| PROBLEM TO SOLVE |
Below are records with pictures; copy word for word only the lines between the line with "CREMA FACIAL ANTI-EDAD" and the line with "Apple-iPhone-Security-Armed-Away-2_hi", inclusive, and drop the pictures.

| THE RECORDS |
*-*-*

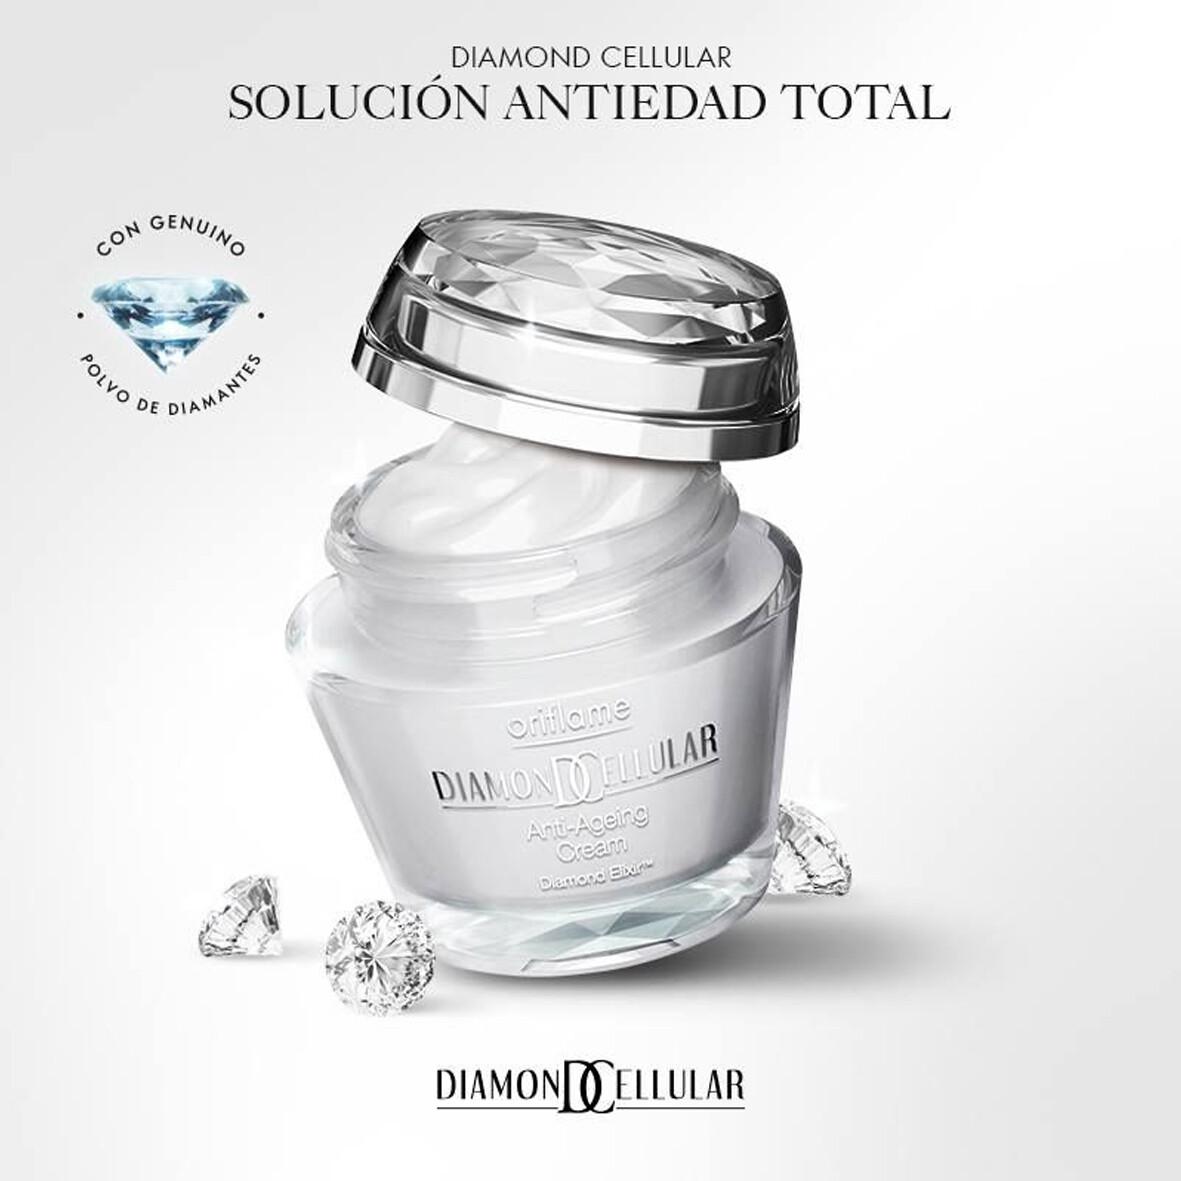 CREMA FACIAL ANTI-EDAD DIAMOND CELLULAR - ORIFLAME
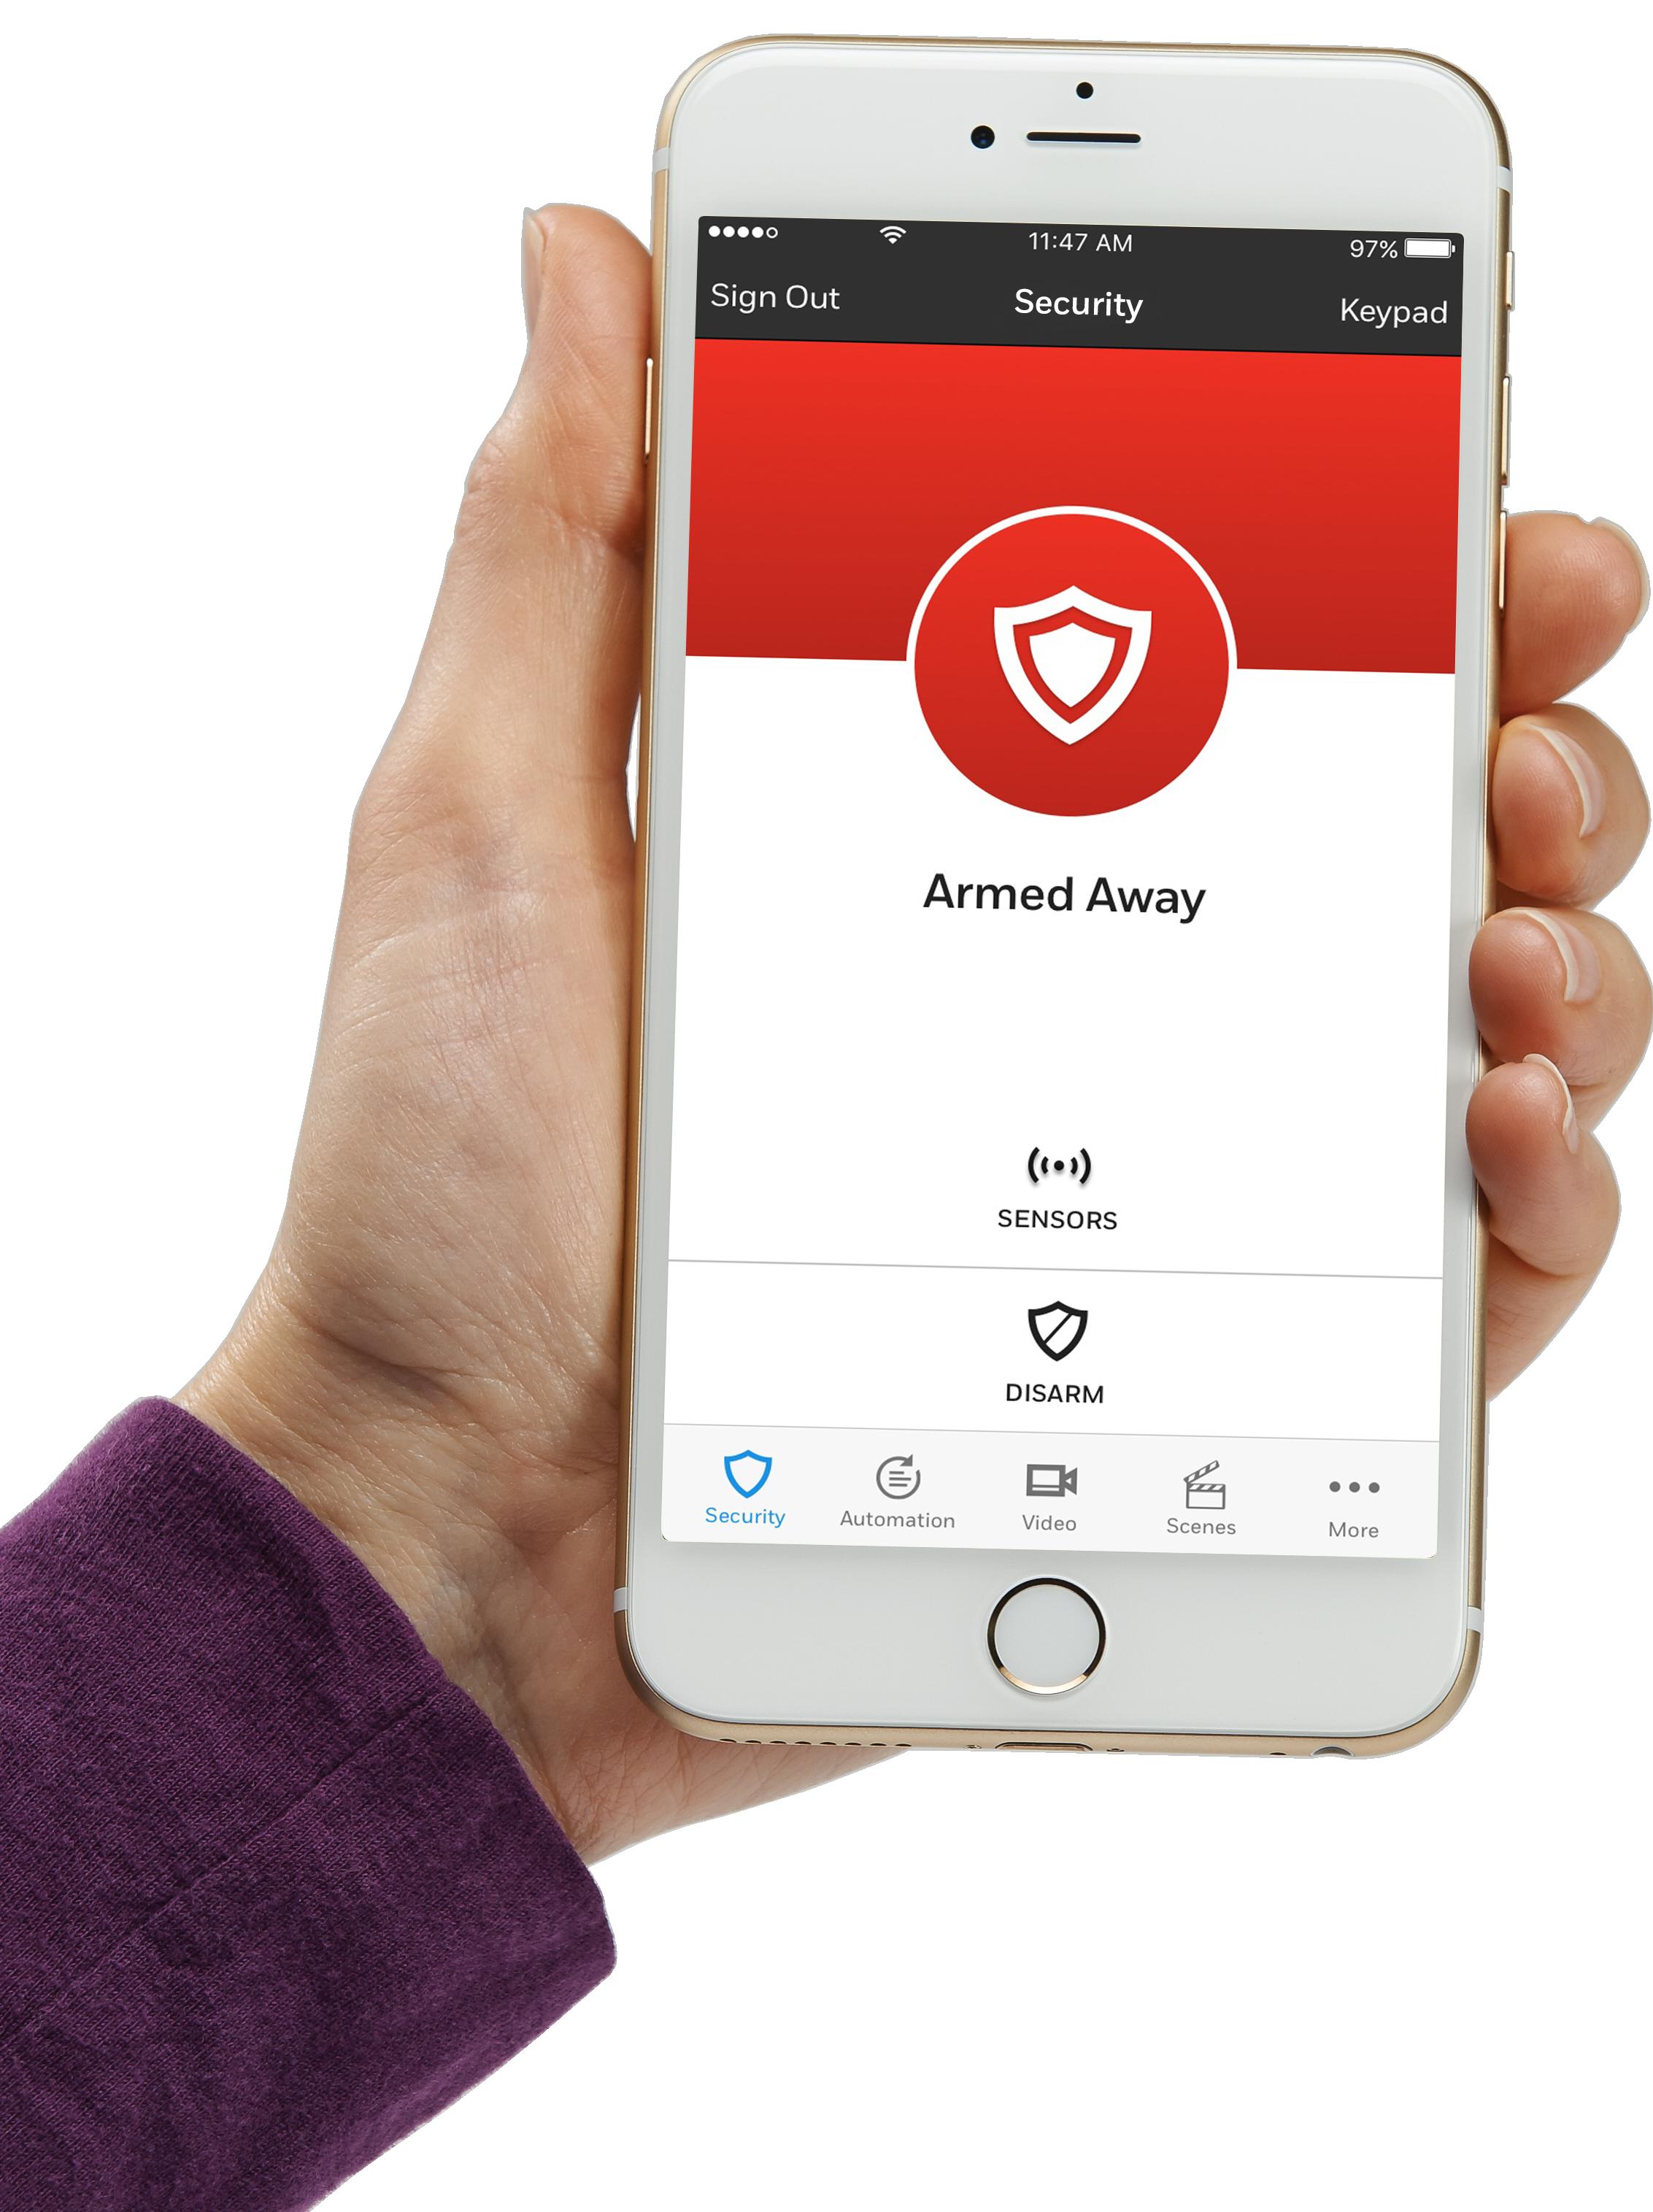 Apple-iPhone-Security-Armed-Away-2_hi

*-*-*

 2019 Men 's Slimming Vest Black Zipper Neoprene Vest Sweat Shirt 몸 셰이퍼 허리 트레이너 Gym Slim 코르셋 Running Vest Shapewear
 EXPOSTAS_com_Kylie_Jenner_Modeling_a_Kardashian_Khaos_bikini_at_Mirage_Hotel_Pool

*-*-*

| SOLVED PROBLEM |
 CREMA FACIAL ANTI-EDAD DIAMOND CELLULAR - ORIFLAME
 Apple-iPhone-Security-Armed-Away-2_hi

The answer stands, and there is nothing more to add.